Actuellement, les Centres d’hébergement et de soins de longue durée (CHSLD) accueillent seulement 3 % des personnes âgées du Québec. Celles-ci sont ainsi bien plus nombreuses à vivre seules, alors qu’elles représentent un tiers des aînés québécois. Michèle Charpentier vient justement de terminer une étude sur ce phénomène. Elle est allée, avec son équipe, à la rencontre de gens vivant à domicile pour comprendre comment ils s’occupent, s’ils sont vraiment isolés, s’ils ont une vie sociale et quelles stratégies ils développent face à la solitude.

Quand on ne voit pas les gens dans l’entièreté de leurs réalités, on entretient une peur du vieillissement et on est convaincu que c’est un problème

 

Cette nouvelle perspective apporte de nombreuses réponses sur le quotidien des personnes âgées. Certains développent des stratégies pour faire leurs courses ou se retrouver dans des cafés, par exemple. « On a vu des gens qui apprécient ce temps solitaire, car ils ont leur propre horaire et apprécient cette liberté, raconte-t-elle. Leurs amitiés sont également très précieuses, même si elles sont rendues plus difficiles à entretenir avec la pandémie. »

Lorsque vient le temps de partir en CHSLD, les personnes sont « placées » dans un milieu de vie qu’elles n’ont pas choisi, par manque de place. Dès lors, elles passeront chaque heure de chaque jour dans un endroit où elles n’ont pas décidé d’aller.
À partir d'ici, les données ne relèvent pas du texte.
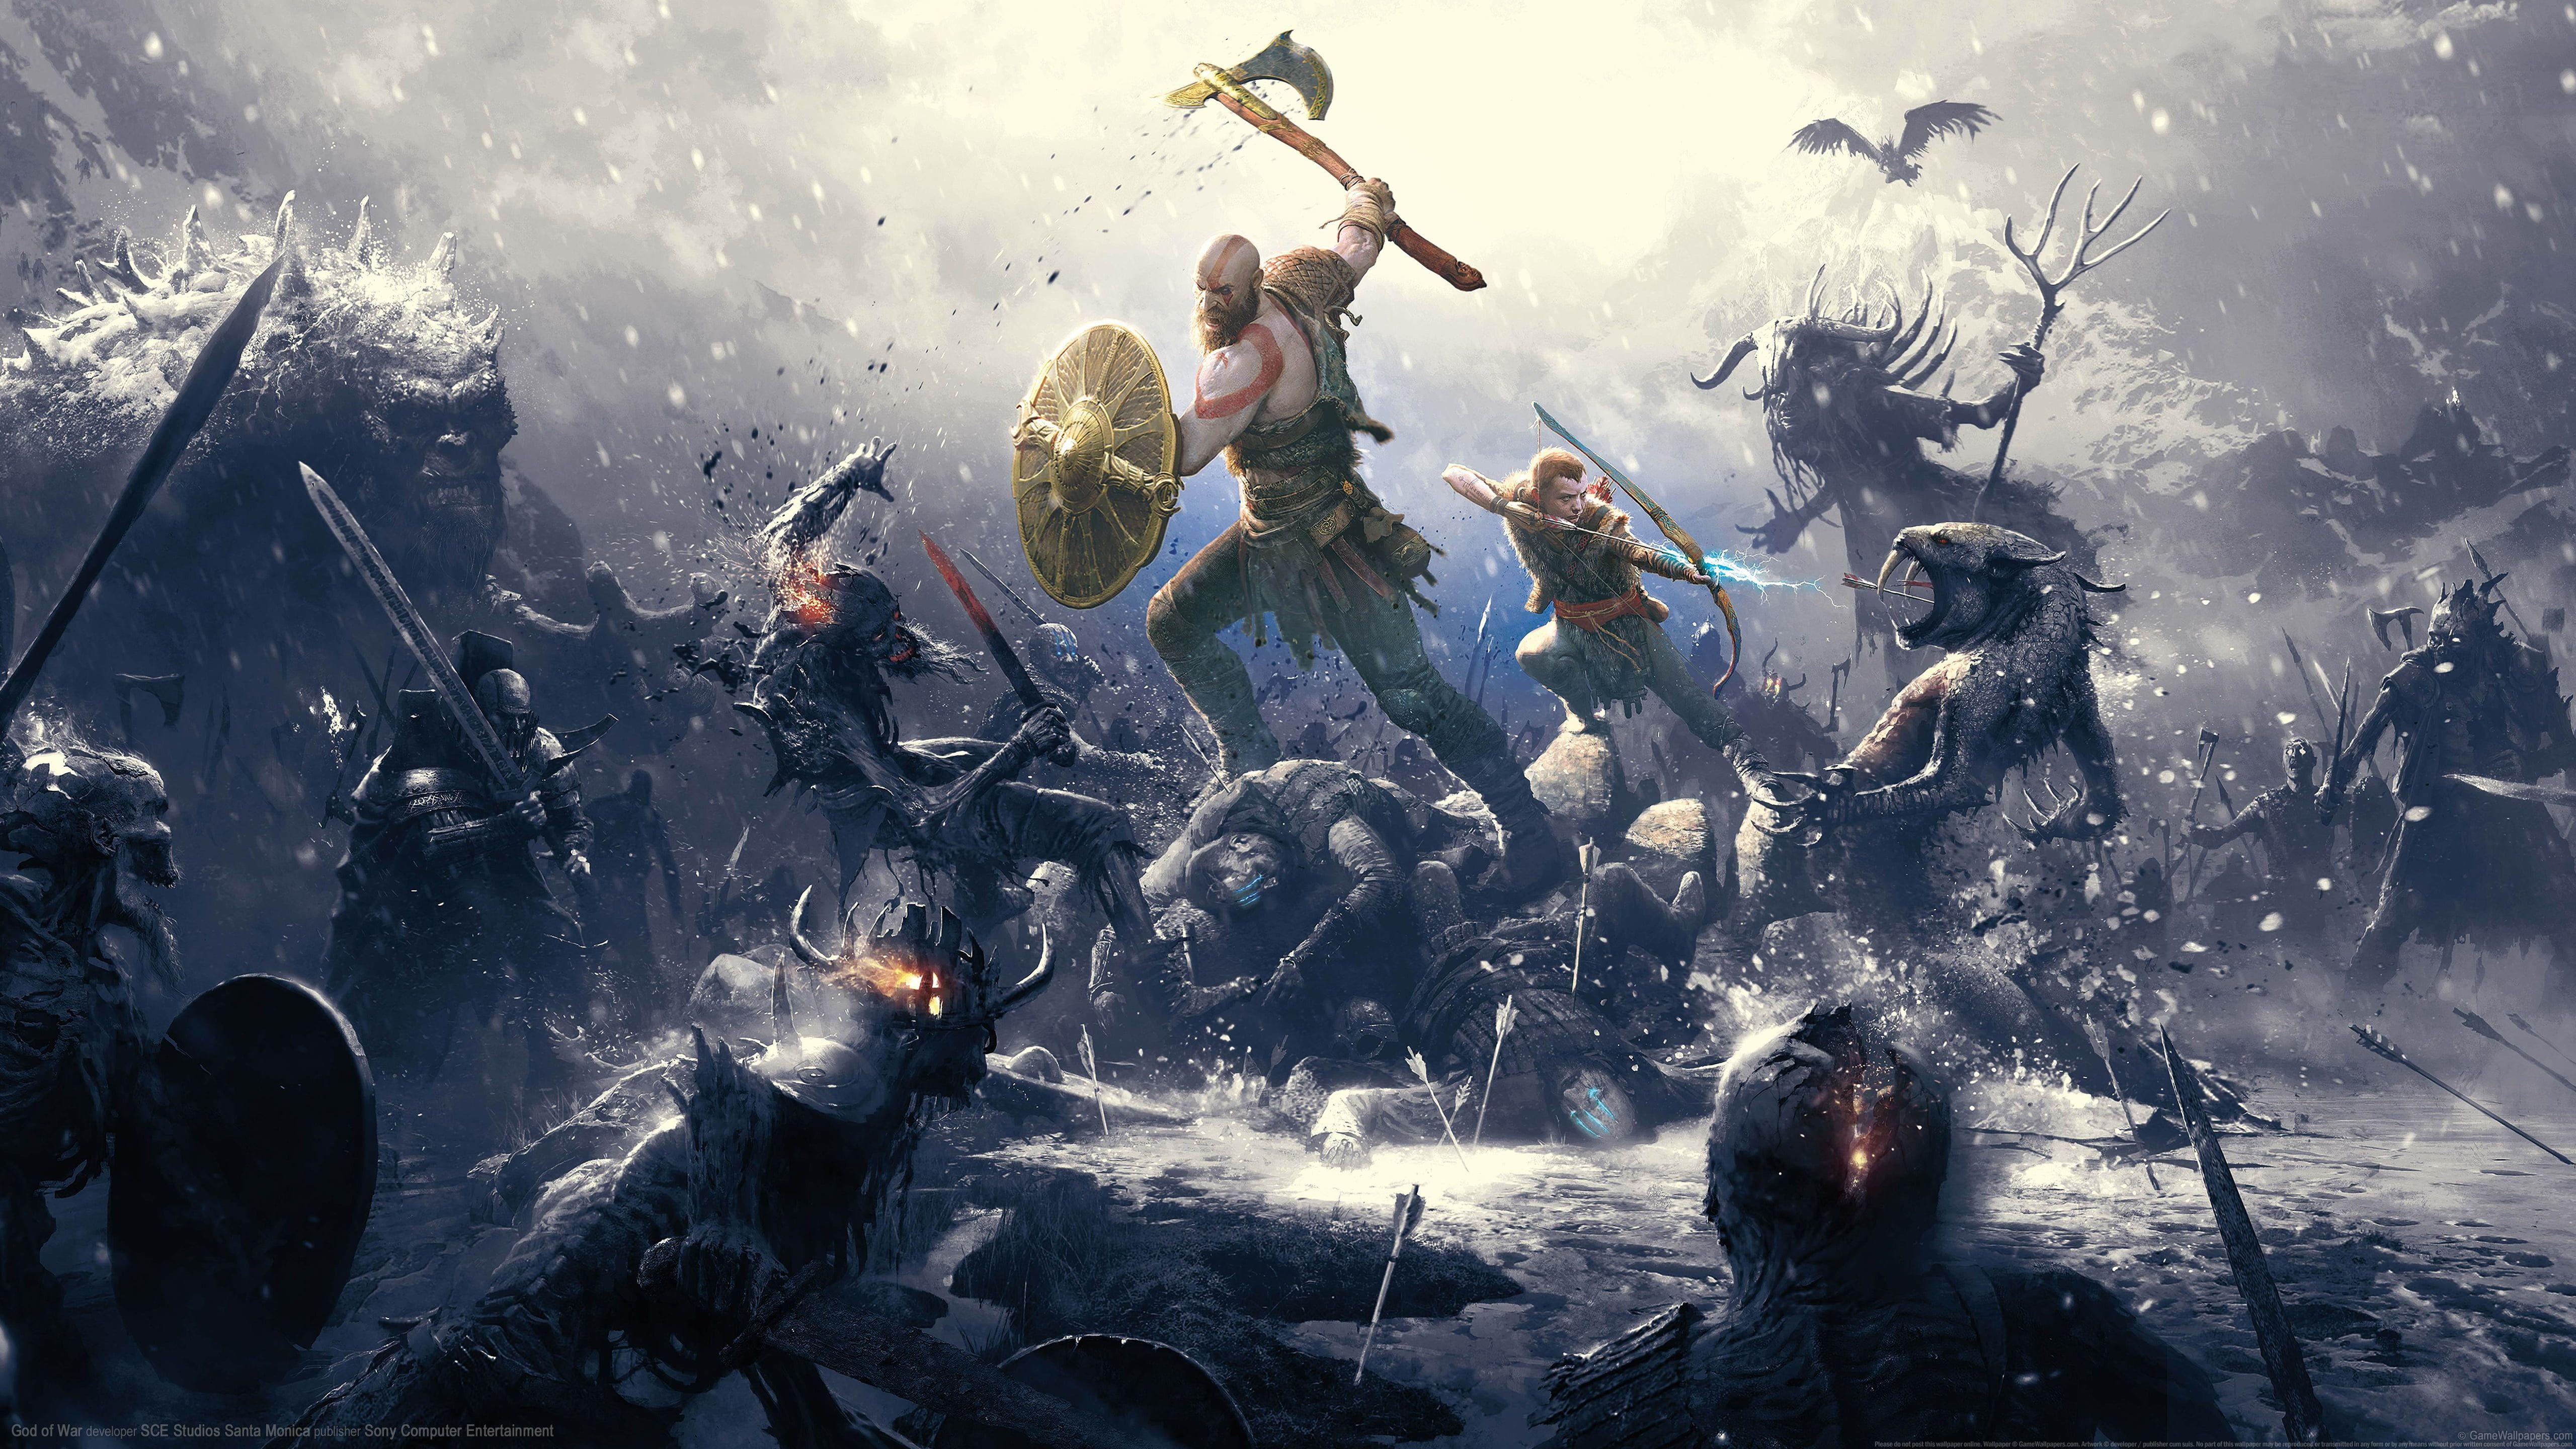 God Of War God Of War 2018 Digital Art Video Game Art Video Games Kratos 5k Wallpaper Hdwallpaper D Digital Art Videos Game Art Video Game Art Wallpaper

Une situation invraisemblable et violente, affirme Mme Charpentier. « Certains préfèrent aussi aller en centre d’hébergement plutôt que de rester seuls, car leur logement n’est plus adapté par exemple », dit-elle. Rester à domicile à tout prix n’est donc pas la solution qui convient à tout le monde.

Thérapies connexes

La Chaire se penche aussi sur des pratiques « alternatives » pour améliorer et enrichir la vie des personnes âgées comme la musicothérapie, l’art-thérapie ou encore la zoothérapie.

Mme Charpentier a d’ailleurs dirigé un étudiant en travail social à la maîtrise qui a développé un projet d’hortithérapie en CHSLD auprès de gens qui montraient des signes de dépression, notamment. « Juste le fait de mettre les mains dans la terre, de voir la bouture évoluer, a fait du bien et a permis de créer des liens », explique-t-elle. Les participants ont même pu récolter des fonds grâce à la vente de leurs boutures à Noël, ce qui a permis d’investir dans d’autres activités.

Des étudiants en art ont également monté un projet de crochet auprès de dames ayant des difficultés cognitives. La gestuelle du crochet est si ancrée que les participantes, d’ordinaire confuses, s’y sont adonnées avec plaisir et se rappelaient les mouvements.

Michèle Charpentier le répète, les aînés sont encore des citoyens qui ont leur place et un rôle dans la société. Ce sont les mieux placés pour donner leurs points de vue sur les services dont ils peuvent bénéficier, et leurs besoins sont aussi diversifiés que leurs parcours de vie.